Trivial Pursuits

Monday, September 12, 2005

Cry me a river.

I am allowed to dislike a patient. Although so much of my medical training has ingrained in me the fact that countertranference is a reality that must be overcome in order to achieve empathetically rapport, I think that's bullshit written up by some hippie freak who never had an asshole as a patient, or was too oblivious to diagnose the assholism.

Now, what is ironic to me, is that most of the cheeriest, most affable patients that I have met are oncology patients. This is perhaps due to the fact that I have met so many later on in the disease, either when they have already achieved remission, or when they are so far advanced that they seemed to be at peace with their future. For the most part, I have noticed them to be stoic, strong, with a complacency that I, myself, even envy.

But there is the other extreme. Luckily, he is the first one of this prototype I have ever encountered, but by no means the last.I liken him to a cross between Jack McFarland and Simon of American Idol. With a Frasier-like snobbery, a biting sarcasm, all atop a cloud of blazeed flamboyancy. So that you can imagine him mauling away at your self-worth, flinging your insecurities in your face, all while sipping tea with a raised small finger.

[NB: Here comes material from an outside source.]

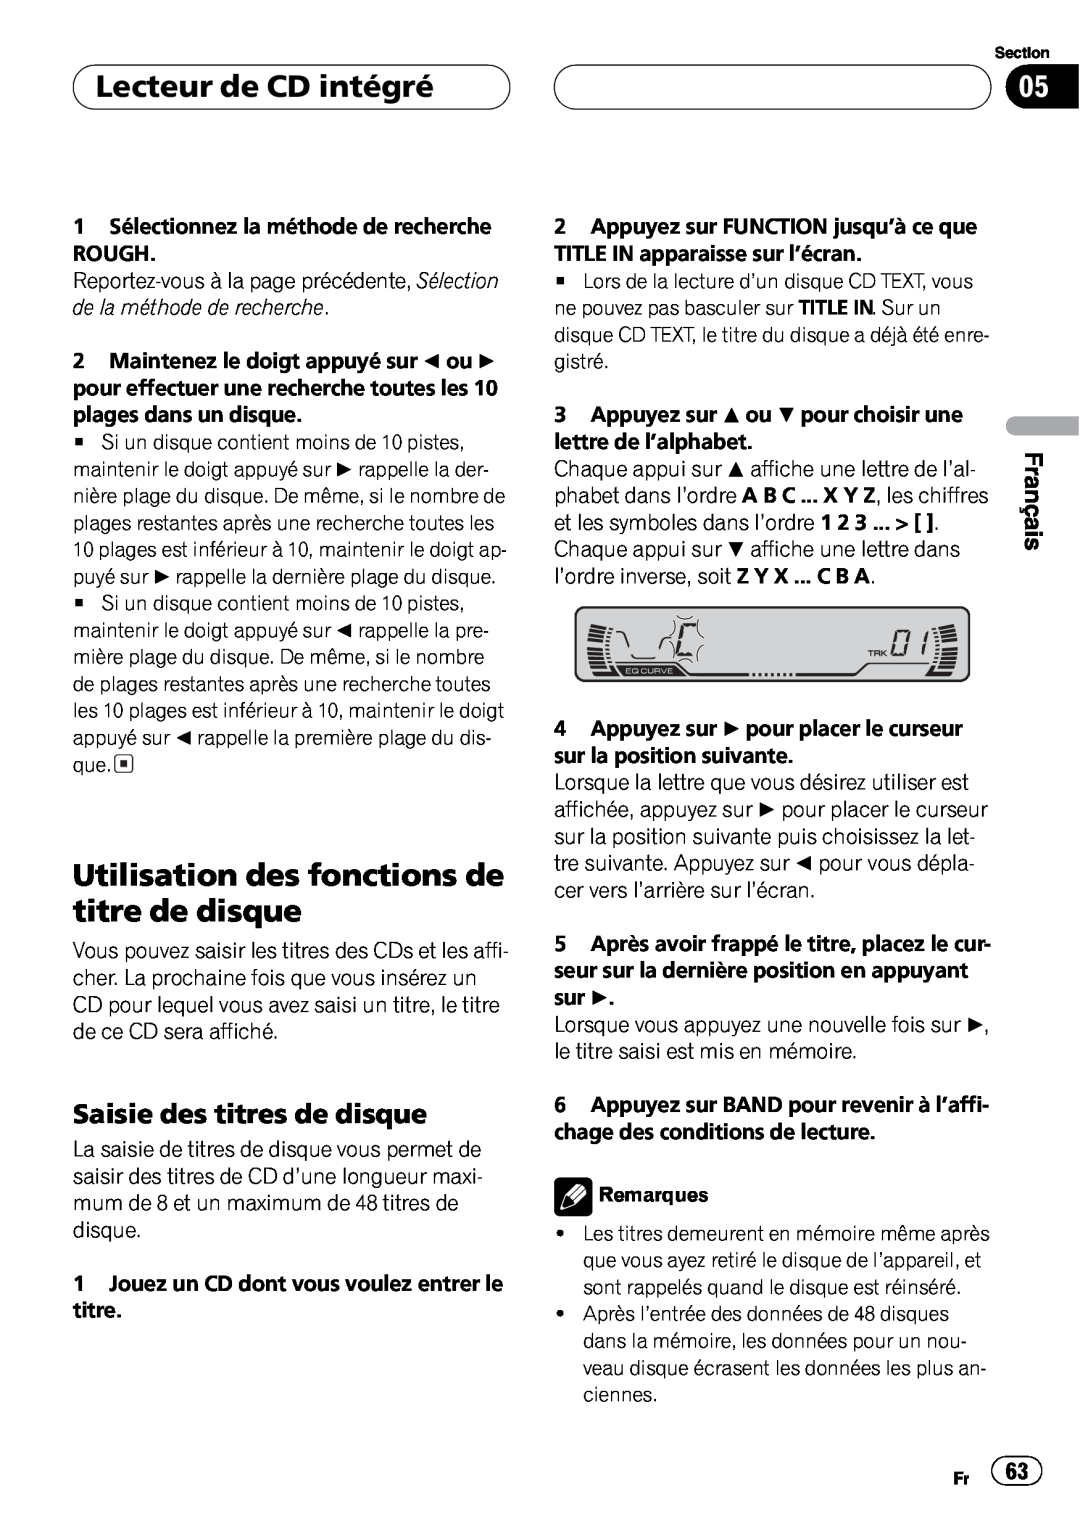 Pioneer DEH-P4600MP operation manual

"Oh look, new residents. How tedious," says he, as my resident and I enter the room. And when I introduce myself as the sub-intern, he retorted, dismissively, "oh I figured as much." Not to be outdone, I replied that I only looked young. "Don't worry, I won't last," this he replied.

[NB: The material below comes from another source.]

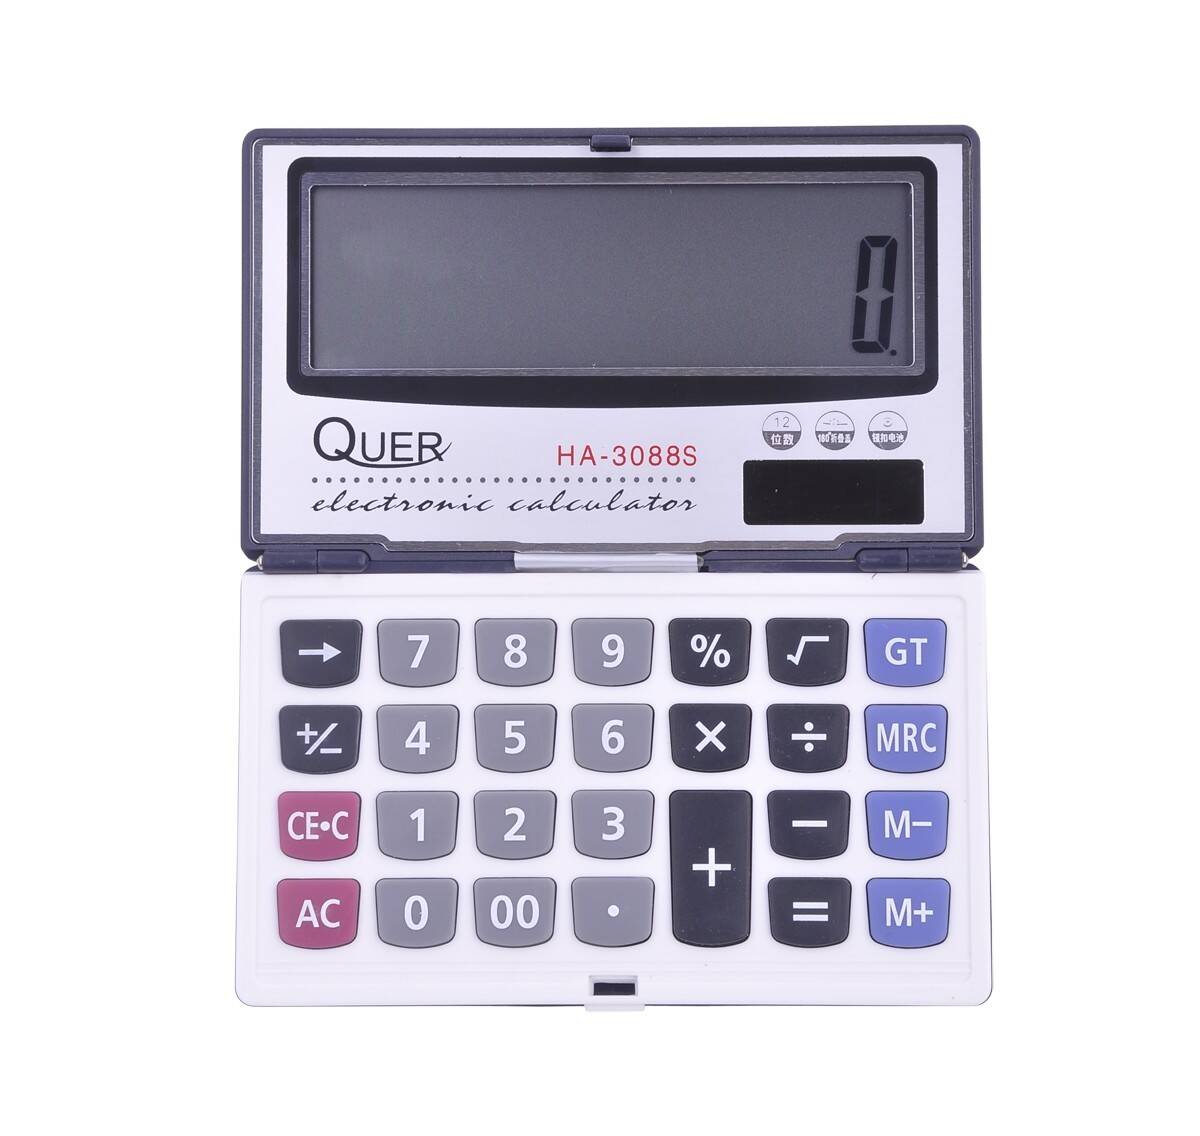 Kalkulator Kieszonkowy Ha-3088S2 Quer

I imagine that he fancies himself more intelligent, more respectable, and above all this -- the hospital, the nurses, the house-staff. Moreover, I imagine that he feels, because of his illness, that sense of entitlement. That all the world should pity him and that he is justified in accepting this pity with scorn, sarcasm, and blatant rudeness.

I could understand this mentality. When you, being terminally ill, become so inured to condolences, so many of which are forced, dealt out of necessity, pursuant to social decorum, rather than from sincerity, when you become so weary of the helplessness of those most capable of help, when you are so depressed, anxious, even terrified of your fate, and all anyone has to offer are drugs that ravage your immune system, make you sicker than you already were, render you bald, cachectic, and weak, at the end of which you hear no happy news, but rather more "sorries" and "how terrible" accompanied by stupid mylar balloons and kitschy cards filled with inane Hallmark-sentimentality. I cannot imagine how that must be like.

But at the end of it all, you are the one that decides how to respond. Whether or not you choose to spread your embitteredness to others, because you suppose their pity to be a byproduct of social conformation. I will not say that it is wrong, because that is a personal value judgment. Rather, I will say it is unjust; it is exploitating your condition, knowing that no one dare challenge your cruelty because their own conscience cannot allow it.

I hate that he chooses to be cruel, and that I feel reservation at resenting him, because I feel this need to understand his point of view, without his being obligated to consider mine. Because he is with condition, and I am without. And that he feels, in some sordid way, that fairness can only exist between us if he is allowed to be vicious.

Perhaps in the course of his stay, we will reach an understanding. That my goal is simple -- to help and not to impose. But somehow I think his years of hard-experience have already numbed his sensibilities, and that he has already transcended the reaches of human compassion. And here left is this hard shell of a being, devoid of human emotion, cold, practically dead.